Irony abounds....
Sat Jul 12, 2008 at 10:57:18 PM PDT
Cross-posted at South Shore Progressive
"Mental recession."
"Nation of whiners."
Sen. Phil Gramm uttered those contemptible sentiments this week.
Ahhh, the smell of irony during election season.....
It's especially ironic from where I sit, since most of my working life has been centered around the mortgage industry. I'm in the unenviable position of watching the housing market implode, watching my property value drop virtually every day, and earning my living by helping other folks finance a home!
So, to hear those words from the mouth of the very person who was instrumental in engineering this mess (among others) to feather his own nest is beyond belief.
Gramm’s role in the swift and dramatic recent restructuring of the nation’s investment houses and practices didn’t stop there.
A year after the Gramm-Leach-Bliley Act repealed the old regulations, Swiss Bank UBS gobbled up brokerage house Paine Weber. Two years later, Gramm settled in as a vice chairman of UBS’s new investment banking arm.
Later, he became a major player in its government affairs operation. According to federal lobbying disclosure records, Gramm lobbied Congress, the Federal Reserve and the Treasury Department about banking and mortgage issues in 2005 and 2006.
During those years, the mortgage industry pressed Congress to roll back strong state rules that sought to stem the rise of predatory tactics used by lenders and brokers to place homeowners in high-cost mortgages. [Ed: emphasis mine]
Source: McCain Guru Linked to Subprime Crisis
Gramm was one of the major players in aggressively removing regulations keeping predatory lending in check. And now, as co-chair of the McCain campaign, is actively helping structure the Republican Party's economic agenda. Although Gramm has been shuffled off center-stage, he has not been cut loose from the campaign – despite McCain's disavowals of Gramm's words. You can bet your last dollar that should the White House again go to the Republicans (just typing that hurts...), that Gramm will again be a key player in undercutting what little is left of our literal foundations.
Am I over-reacting? Maybe. But I don't think so. Just look at IndyMac. They were a huge investor in the sub-prime market. At one point, I dealt with them every day, so I know what kind of loans they were approving. Loans with no money down, interest-only, no income or asset verification, and questionable or non-existent credit. Sometimes all those things applied to the same borrower! And we couldn't close them fast enough. It was (and some places, still is) all about the bottom-line, ethics be damned.

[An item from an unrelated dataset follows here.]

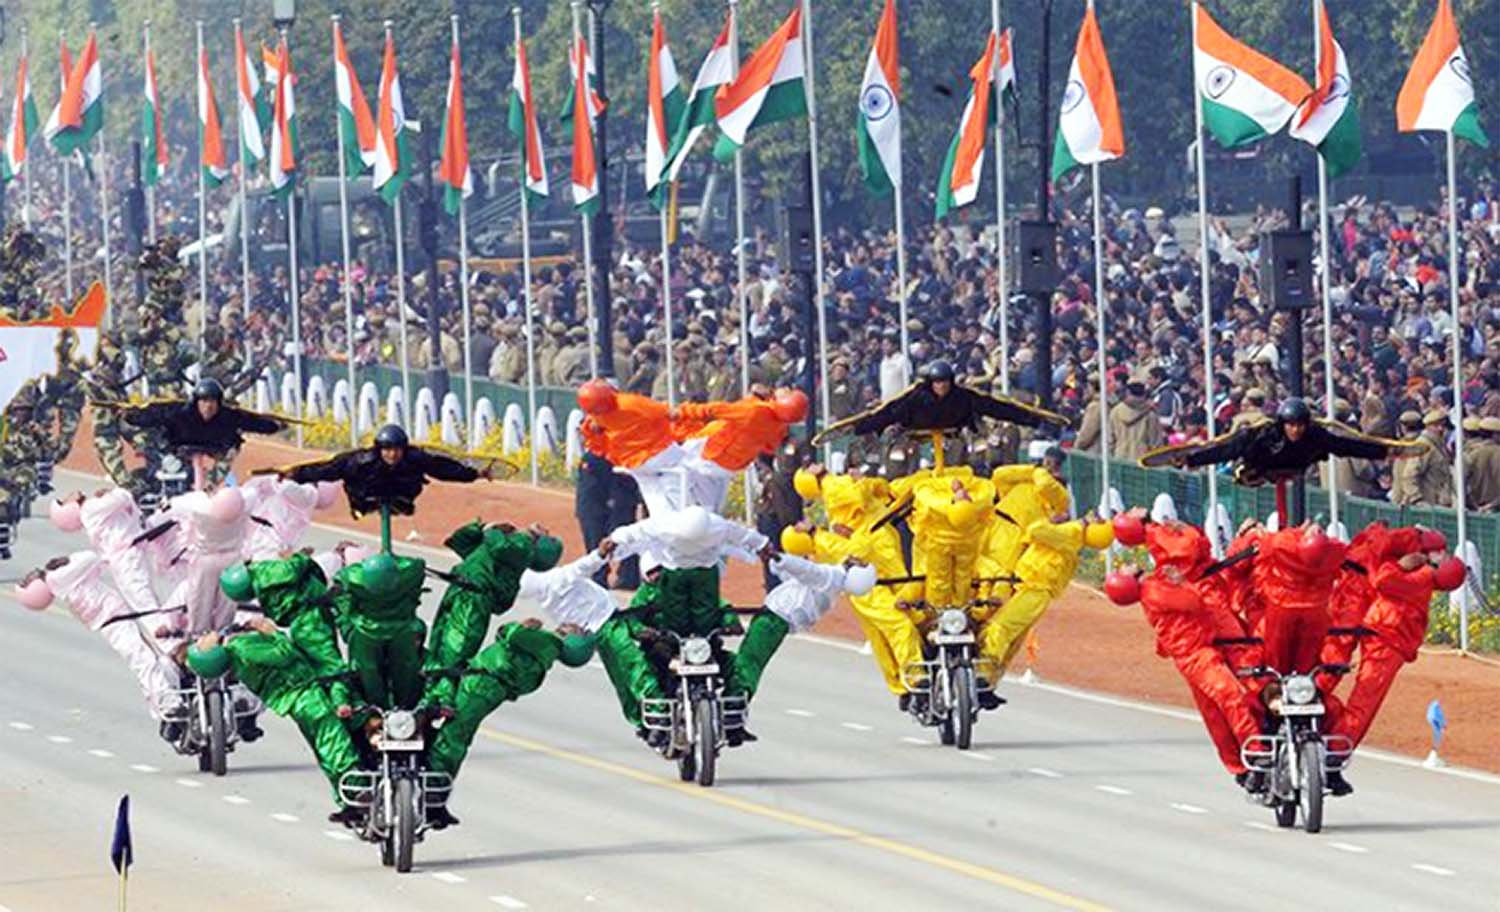 Bike stunts during republic day celebration by Indian Army

Well, that house of cards is now being shown for what it is. Still don't think it's that bad? Did you know:
IndyMac Bancorp, Inc. was the holding company for IndyMac Bank, FSB, the largest savings and loan in the Los Angeles area and the seventh largest mortgage originator in the United States. IndyMac Bank, operating as a hybrid thrift/mortgage banker, provided financing for the acquisition, development, and improvement of single-family homes. IndyMac Bank also provided financing secured by single-family homes and other banking products to facilitate consumers' personal financial goals. Its collapse on 11 July 2008 was the second or third largest bank failure in United States history, and the largest regulated thrift failure. [Ed: emphasis mine]
[snip]
IndyMac announced the sale of its Retail Lending Group to Prospect Mortgage. That day, the bank's shares closed at $0.44 in trading on the New York Stock Exchange, a loss of over 98% from its high of $50 in 2006. Additionally, analyst Paul J. Miller Jr. cut his price target on IndyMac to $0 from $1, rating the company's share price "Underperform". On July 9, Standard & Poor's cut IndyMac's counterparty credit risk rating to "CCC", just a few steps above default, from "B", the fifth highest junk level, and said it may cut them again. The following day, the bank's shares reached a 52-week closing low of $0.31.
Source: Wikipedia
Now, I'm no market expert like bonddad. I'm a cubicle-dweller who pushes papers, crunches numbers, and hopes that we'll be past the worst of this nightmare in a year to eighteen months. Of course, should the worst befall us and we're faced with another (heaven help us) four years of these manipulations, I shudder to think where we'll end up.
In the meantime, I think old Phil needs to get his hearing checked and have a conscience installed.